Goal of the exercise: Quote the listing below in its entirety, omitting every image.

Data below:
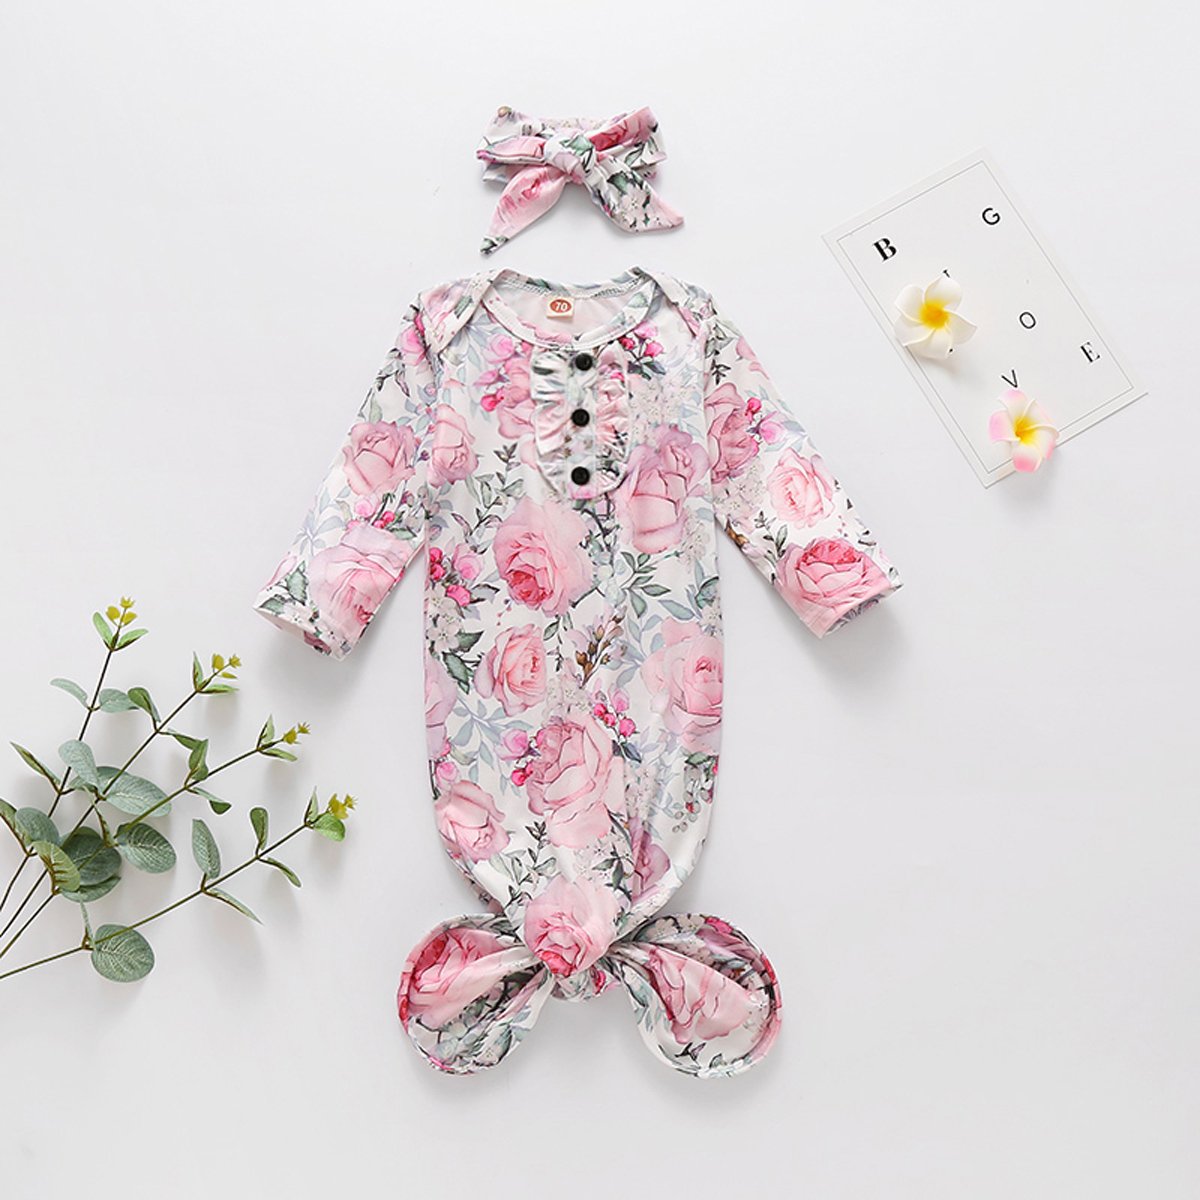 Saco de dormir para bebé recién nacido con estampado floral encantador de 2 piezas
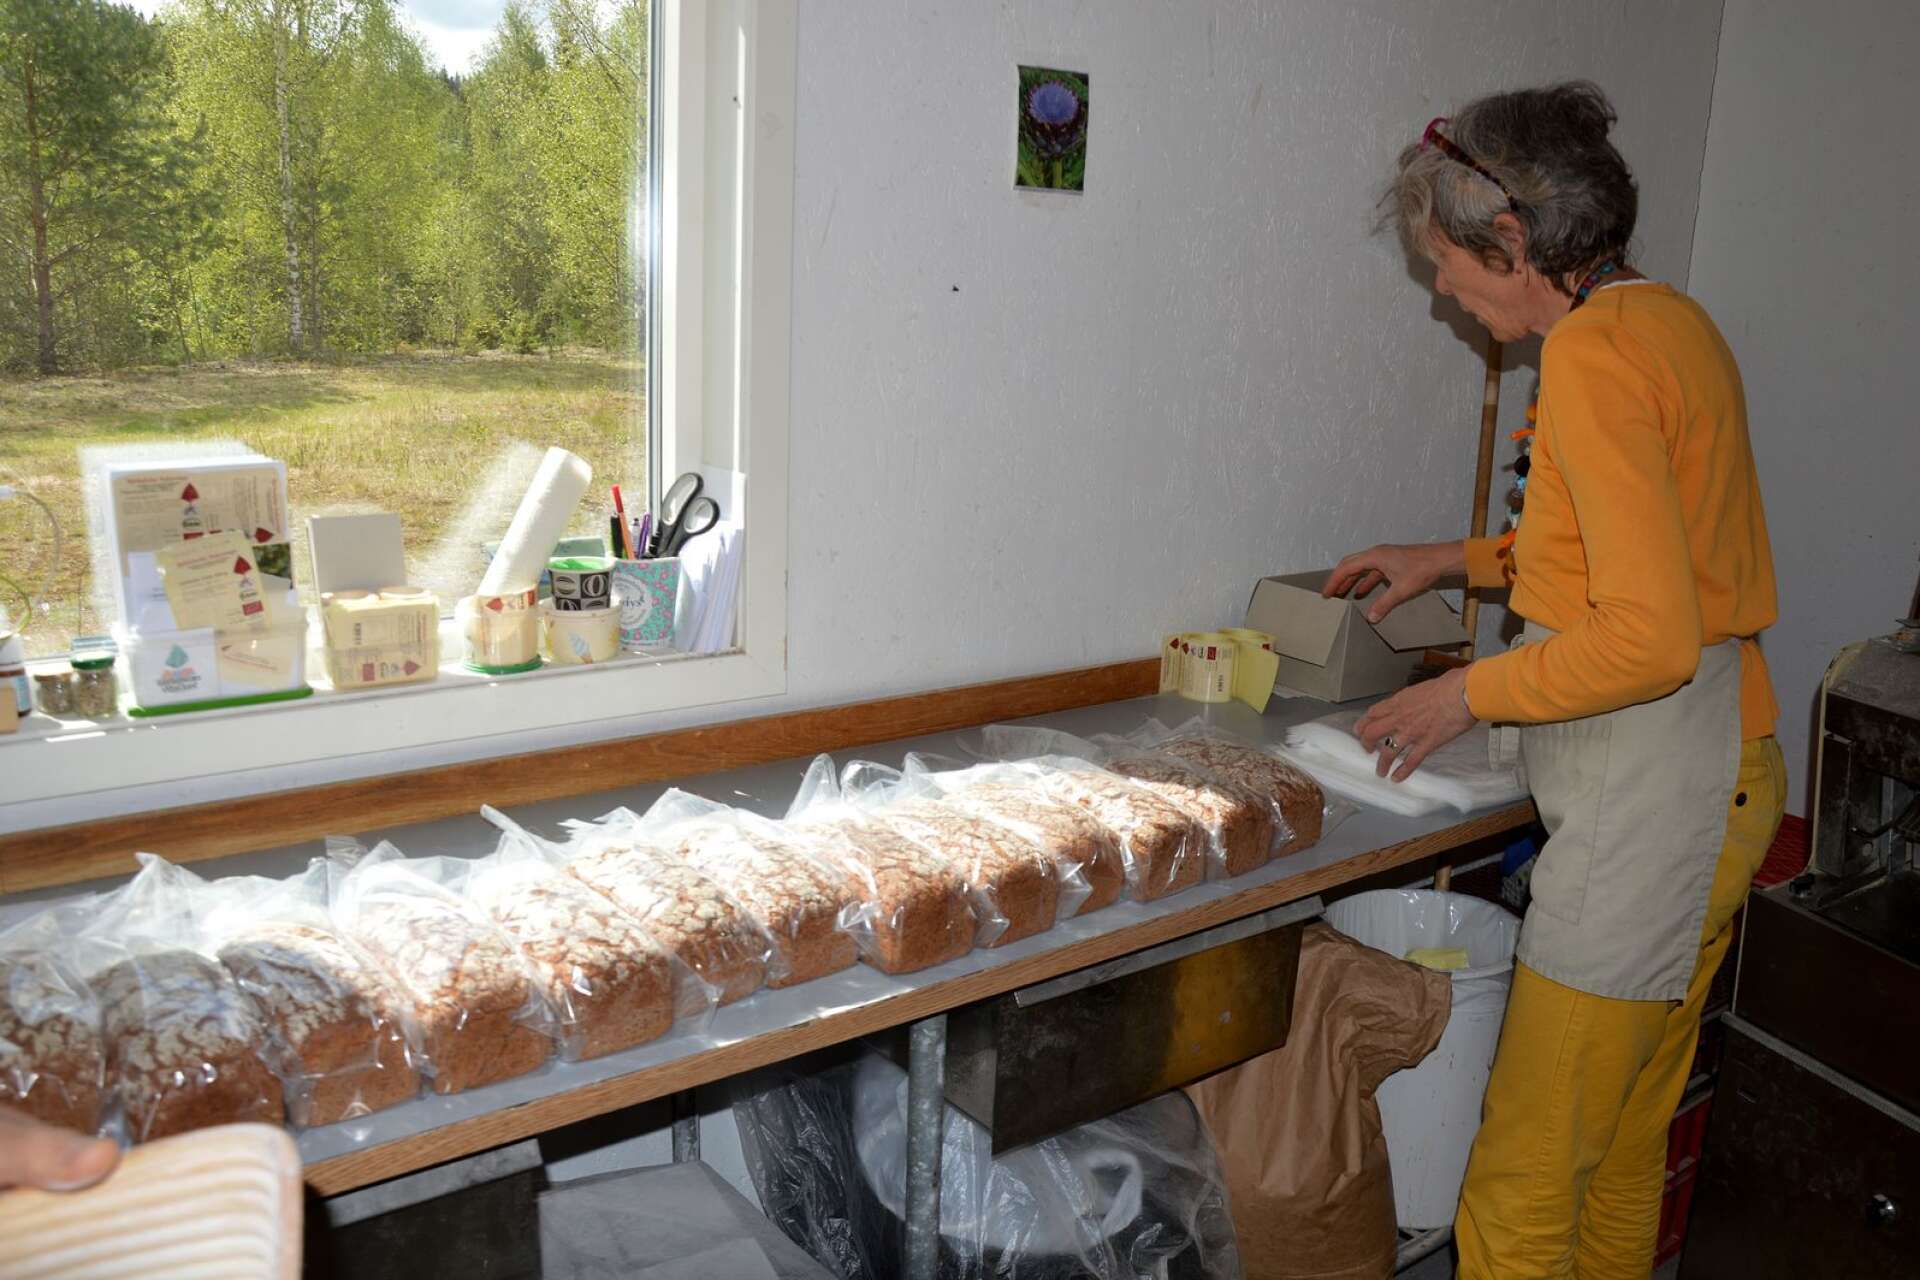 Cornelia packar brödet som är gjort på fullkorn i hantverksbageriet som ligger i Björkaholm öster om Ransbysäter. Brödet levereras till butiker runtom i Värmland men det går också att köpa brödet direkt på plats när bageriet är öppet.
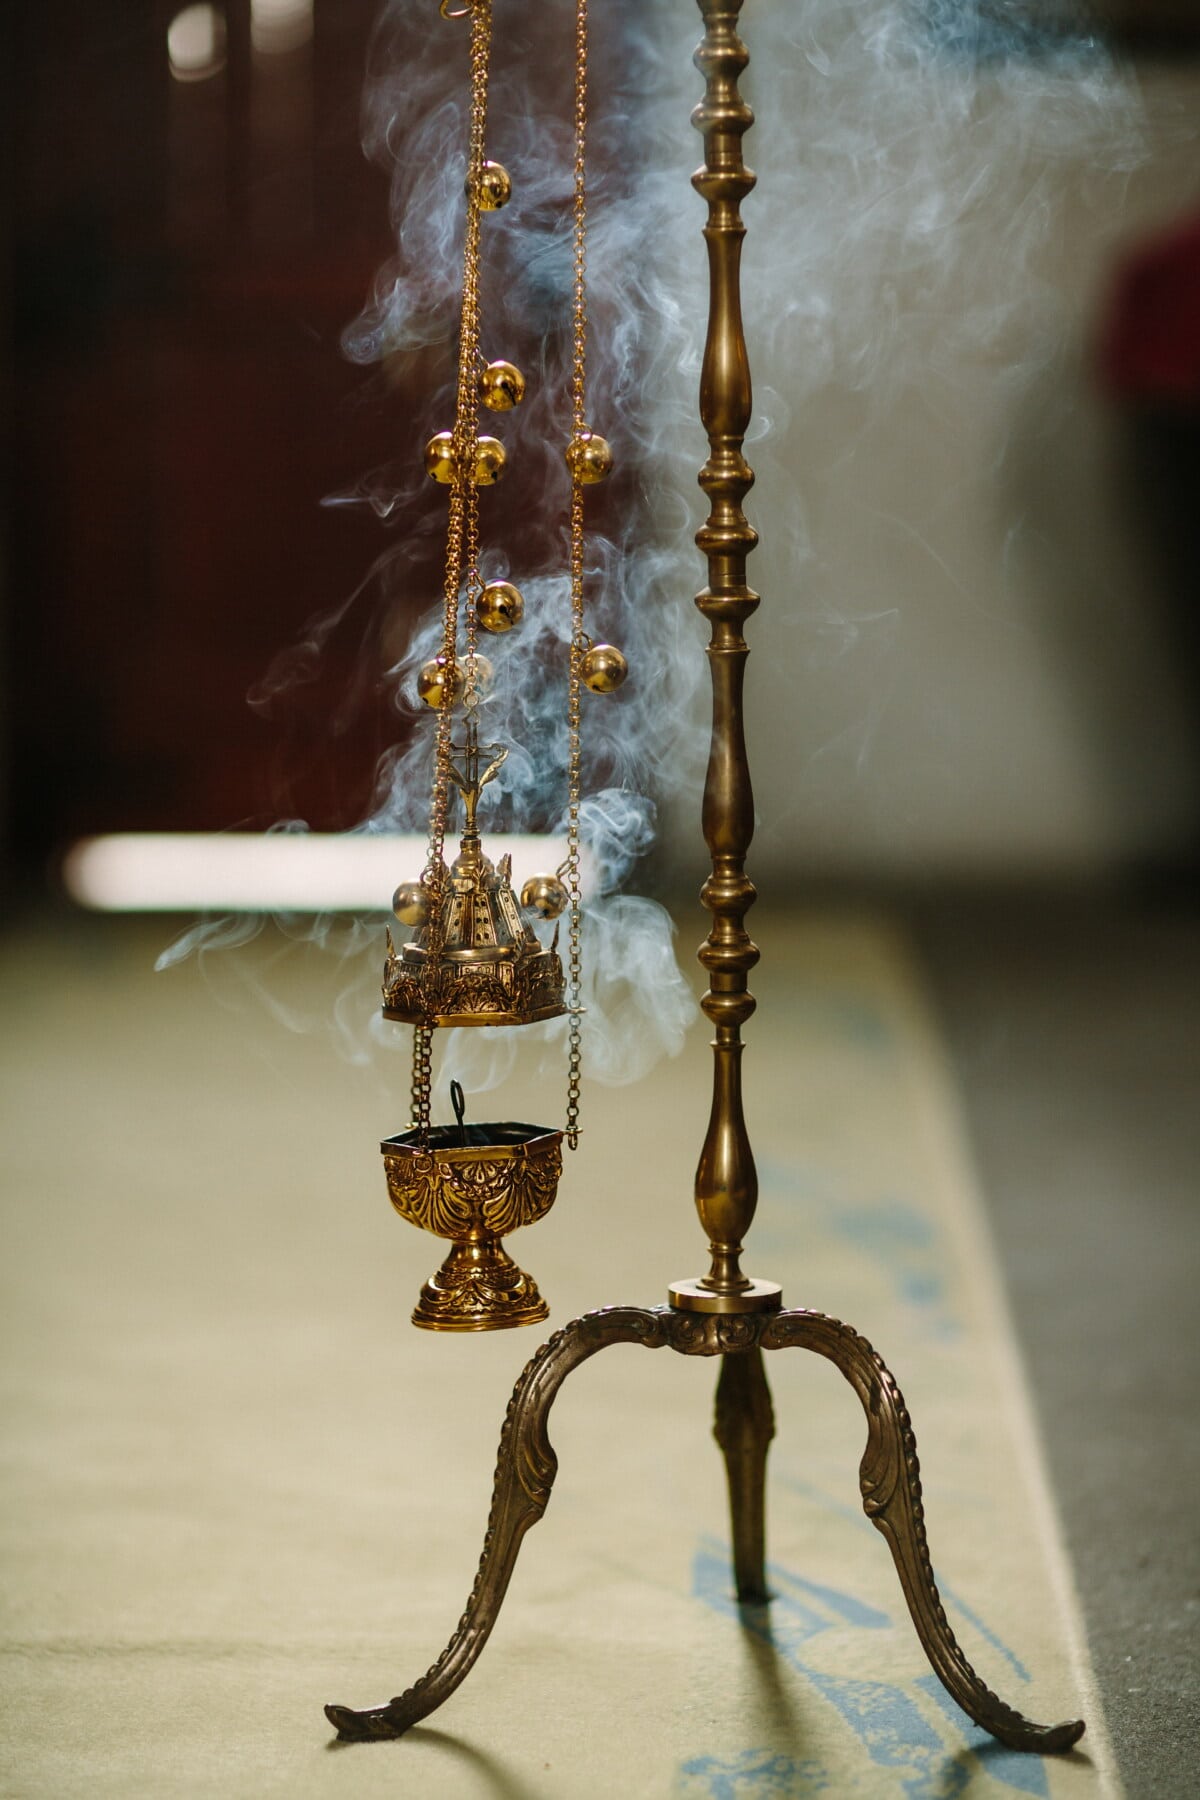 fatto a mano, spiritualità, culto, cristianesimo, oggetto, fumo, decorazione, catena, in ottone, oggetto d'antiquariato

Exercise output:
 Saco de dormir para bebé recién nacido con estampado floral encantador de 2 piezas
 Cornelia packar brödet som är gjort på fullkorn i hantverksbageriet som ligger i Björkaholm öster om Ransbysäter. Brödet levereras till butiker runtom i Värmland men det går också att köpa brödet direkt på plats när bageriet är öppet.
 fatto a mano, spiritualità, culto, cristianesimo, oggetto, fumo, decorazione, catena, in ottone, oggetto d'antiquariato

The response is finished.